Since the morning when I noticed that change, from there on out everything has gotten worse. My favorite rock is gone, along with my three friends. Other seals are dying, too, and every day I’m becoming more alone. Life has become a lot harder for us because we cannot spend as much time in the water. It’s deeper now and the sharks are hunting closer to shore. My friends and the other seals were not as good at swimming as I am; that’s the reason why they all became shark food. I never really have the time to rest so my body is getting weak, and because of all the shark attacks, one of my flippers is broken. I don’t eat much any more because I don’t want to risk going into the water to catch my fish; another shark might approach me and I won’t be able to get away fast enough. I remember when hunting for fish used to be my thing because I was so good at it. Now I’m lucky if I can even find a dead one.
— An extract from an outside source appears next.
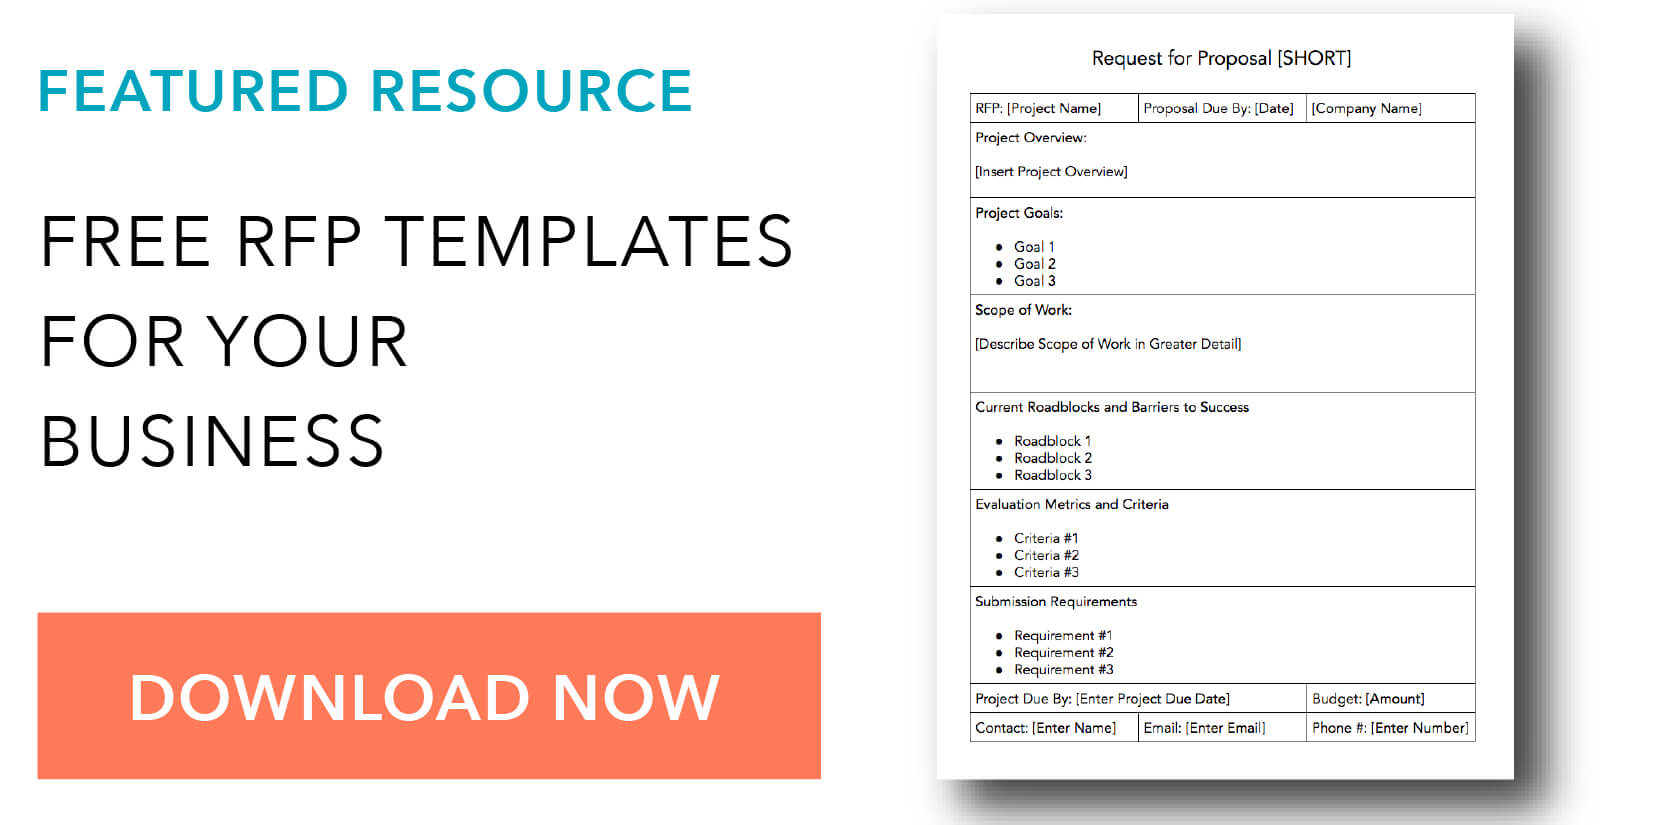 How To Write A Request For Proposal, With Template And Sample In Post Event Evaluation Report Template

It’s been a whole week and a half since the last time I ate, and during that time, I’ve been surviving off my body fat. My body is hurting and the rest of me is weak. I know that if I don’t go back into the water that I will die, or I could die trying to find food. I guess I just have to risk it. It takes me a good ten minutes to wobble my way back into the water. I can already feel the challenge, because the water pressure is making it harder for me to swim with my sore, tired body. I just keep going until I find the spot where I usually hunt for my fish. I see a really big shark, so I swim to the bottom of the water, where I see a rock. It looks a lot like my old rock that I use to lie on. I hide behind it. It seems like the shark doesn’t see me; it starts to swim away. I continue my hunt. I catch a fish! Being able to have that taste in my mouth again and being able to tear apart that fish the way I did are the only things that feel normal. I know that I have to stuff myself because I don’t know when I’ll get another chance to eat a good meal like this again. I used to eat thirteen pounds of fish per day.

An excruciating pain I have never felt before tears through my flesh. I can’t feel the lower half of my body. I’m trying to swim away but I cannot move through the water the way that I want to. I’m bleeding heavily and my body is getting weak because I’m losing too much blood. My brain is going blank and I can’t see; everything is a blur. It’s dark and cold and everything that I have ever known starts to fade away from me as my body finally hits the bottom of the ocean. I’m food for the sharks that have invaded the coastline that used to be my home.